A Facebook post shared over 3,000 times has a local mom voicing concerns about the Fort Wayne Children’s Zoo.   

Check for small red bumps on your hands and arms after visiting the Fort Wayne Children’s zoo. That’s what Mei-Lin Smith says after she potentially contracted M. marinum when she put her hand in the stingray tank.

Dr. Jeffrey Sassmannshausen, with Three Rivers Dermatology, says M. marinum is a micro bacterial infection that is found in wet, moist areas.

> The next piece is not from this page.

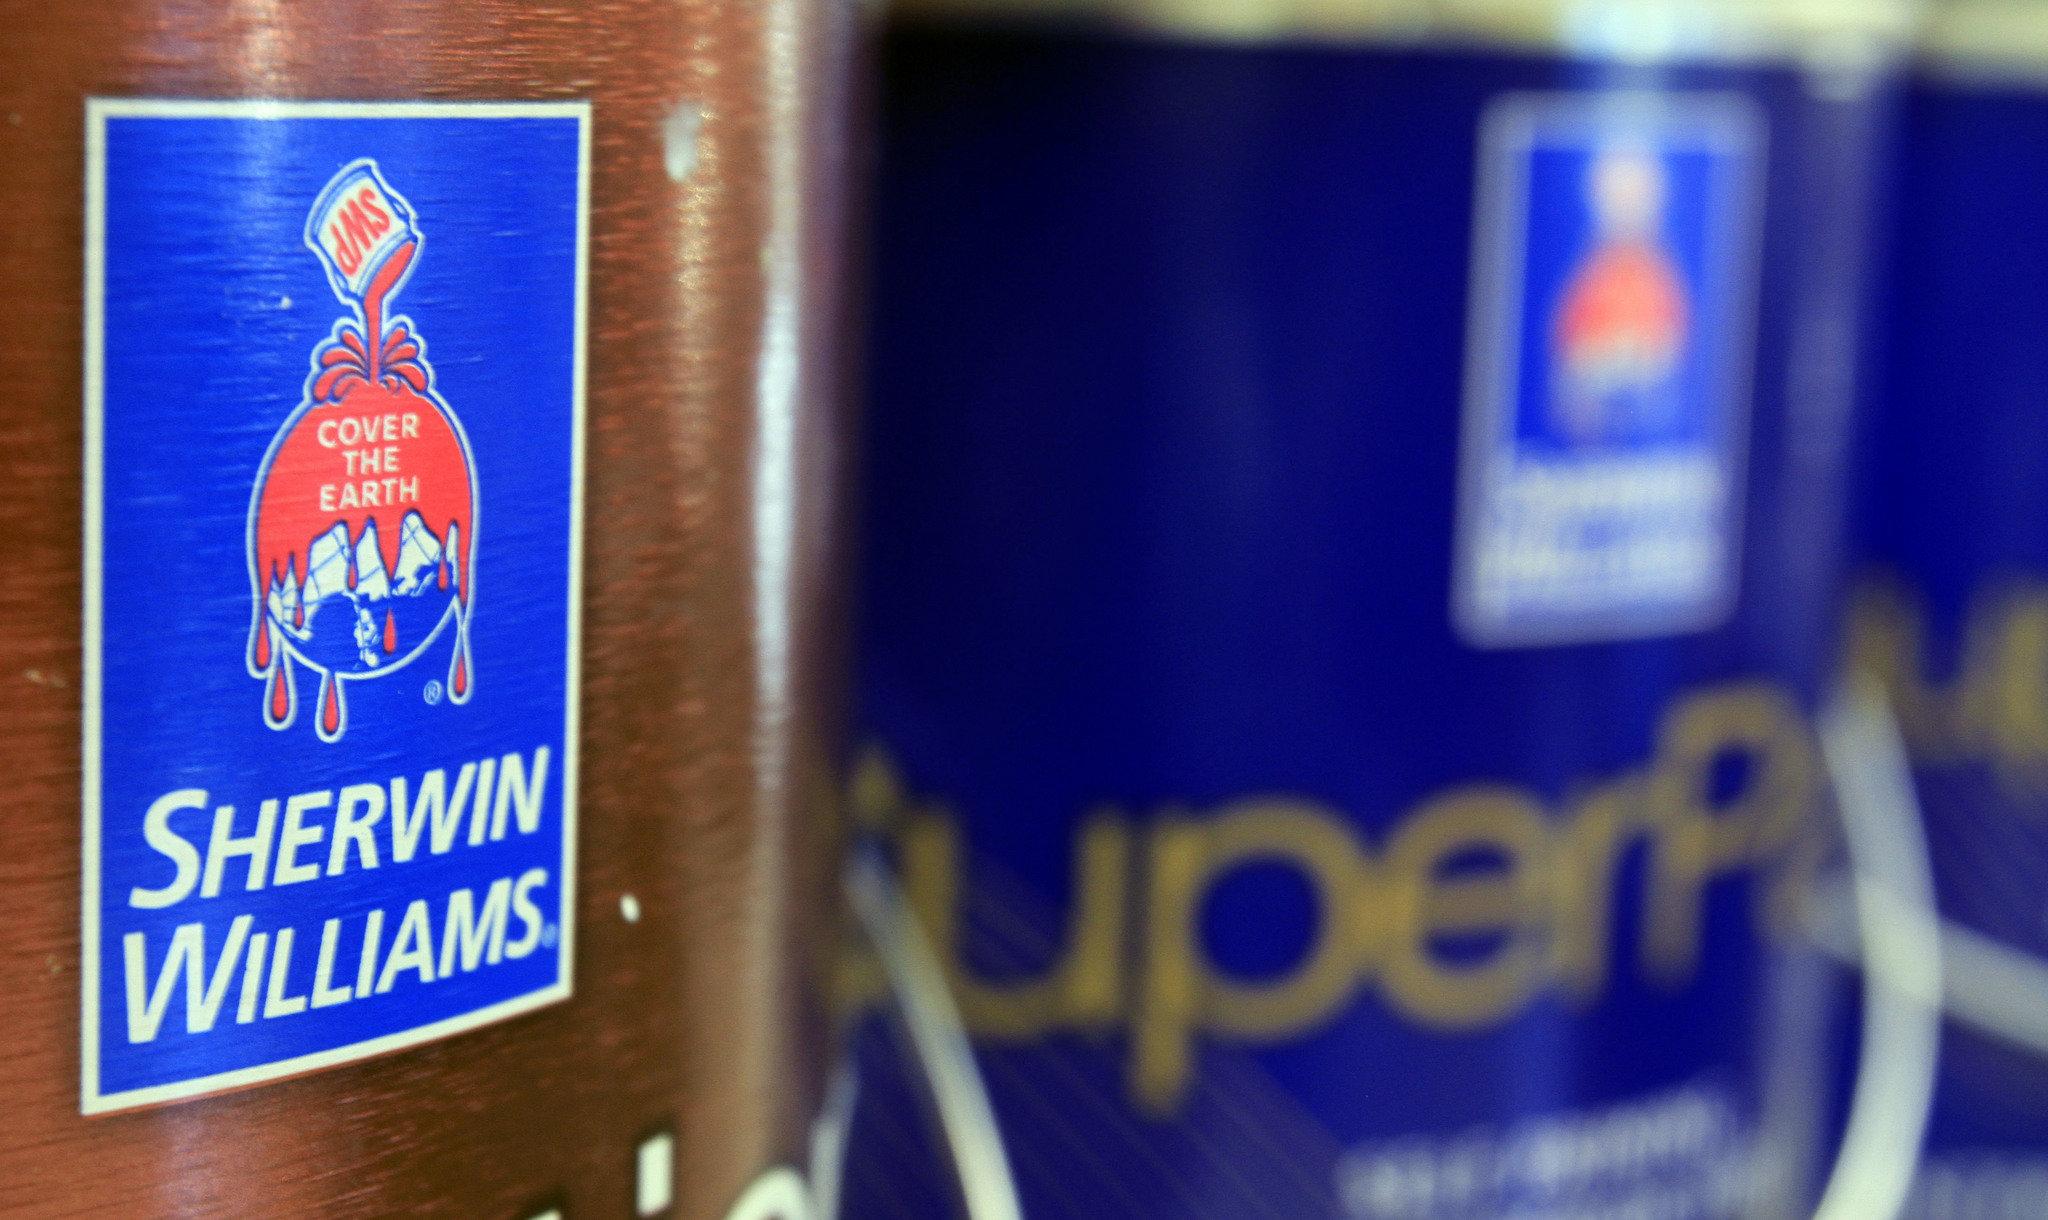 sherwin williams buying rival valspar paints and coatings in 11 3 sherwin williams buying rival valspar paints and coatings in 11 3 billion deal syracuse com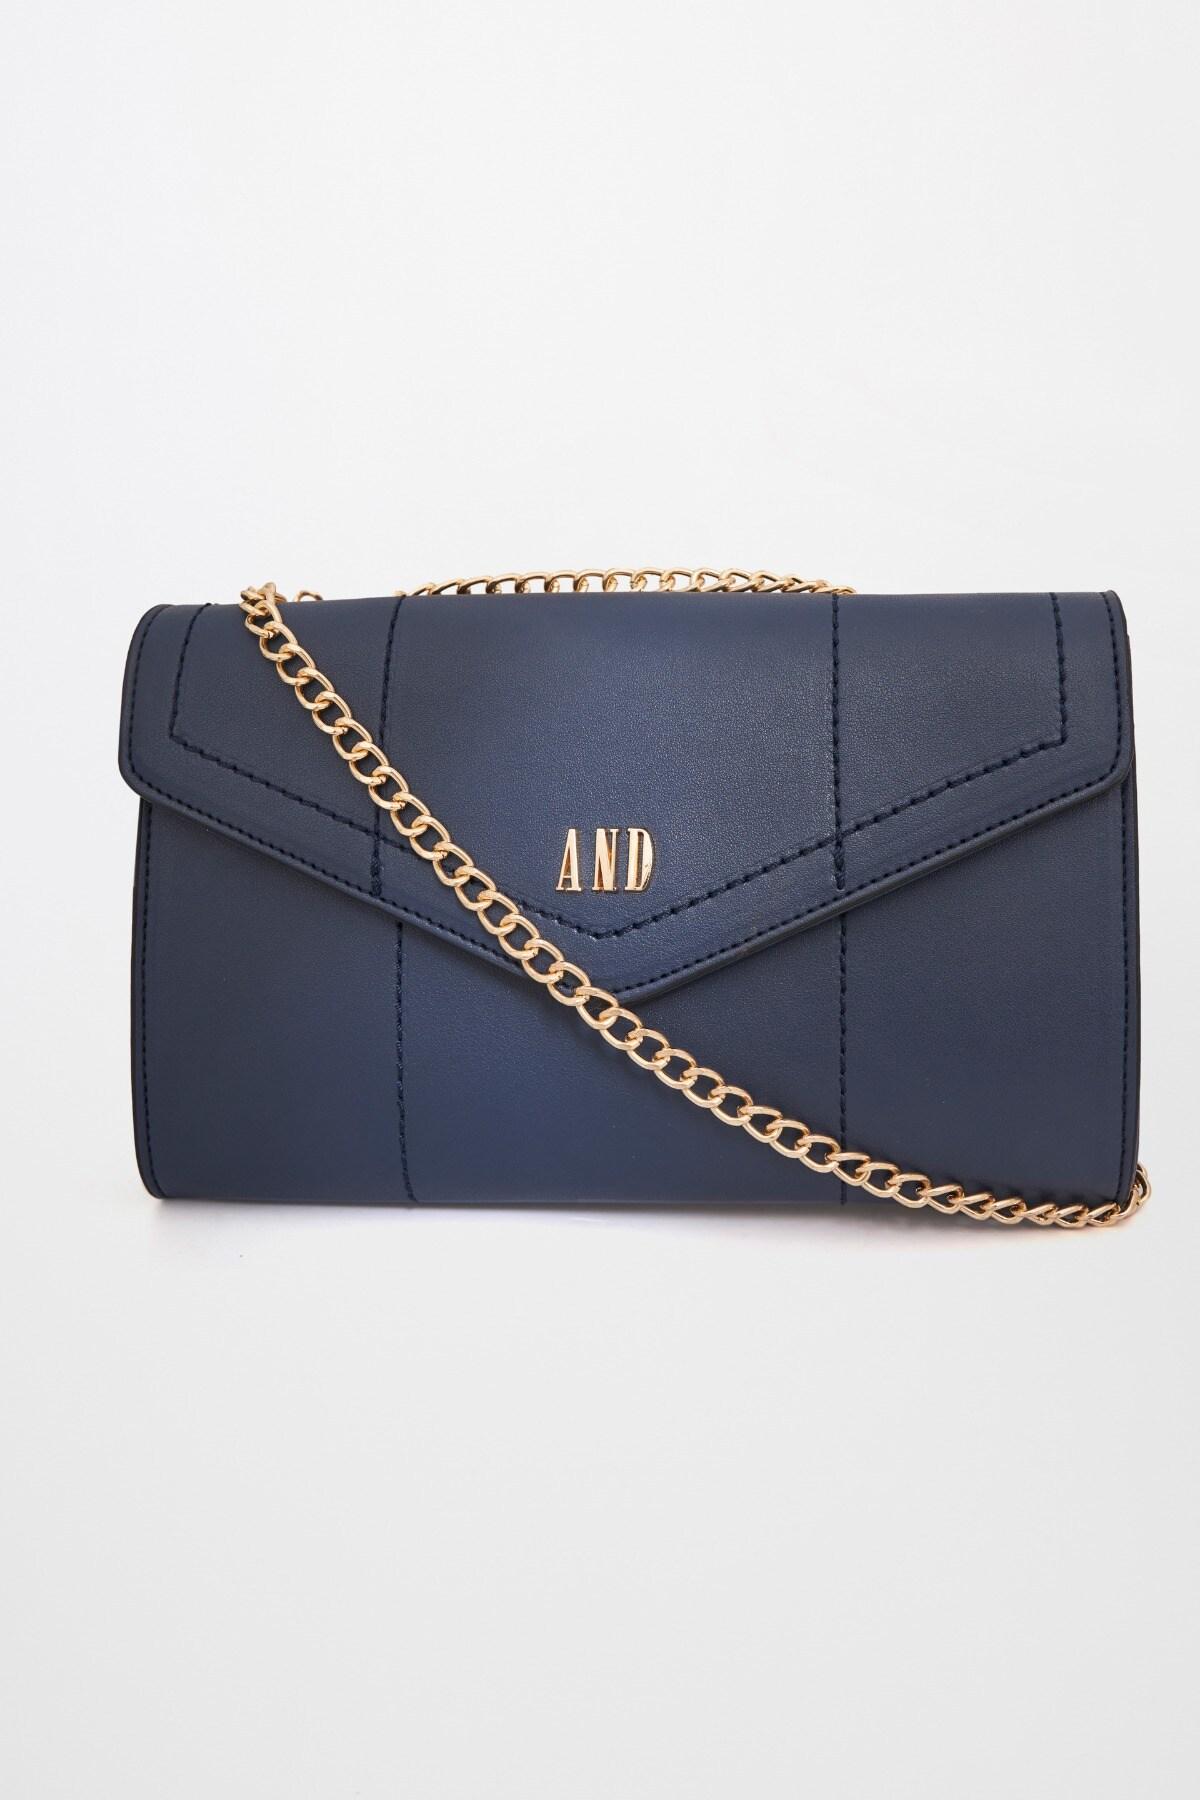 AND | Navy Sling Handbag

Mei-Lin’s post continues that the zoo has been notified about her potential diagnosis.

 “The bacteria itself affects a few people where they get a skin infection.  We anticipate since the only water she, the guest, had been near was our Stingray Bay, it may have come from there,” says Bonnie Kemp, Director of Communications at the Fort Wayne Children’s Zoo.

Bonnie says M. marinum can be found in almost all water. Dr. Sassmannshausen says the most common cases he sees are from the homes of patients.

“There’s no way you can even realize that you’re being exposed,” says Dr. Sassmannshausen.

He says M. marinum is often treated as a wart at first, and doesn’t give much discomfort, it just might be a little sore.

“Most common time I will see a M. marinum infection is someone cleaning their fish bowl,” Dr. Sassmannshausen explains.

The zoo says they will continue, as always, to encourage guests to wash their hands after touching any animal.

“Honestly, in this particular case, it very seldom affects children, mostly affects adults, even then mostly women. You either have to have a cut, or a break in your skin for it even to be a concern. If that’s the case, don’t put your hands in water,” says Bonnie.

Mei-Lin tells WANE 15 she didn’t see warning signs telling people not to put their hands in the water if they have open wounds, and believes it’s the zoo’s responsibility.

The zoo says up until this point, they haven’t been approached or thought about placing a sign telling people with open wounds not to touch the animals.

The zoo also says unfortunately, there is no way they can treat water for M. marinum without using chlorine, and they can’t obviously do that because of the animals in the water.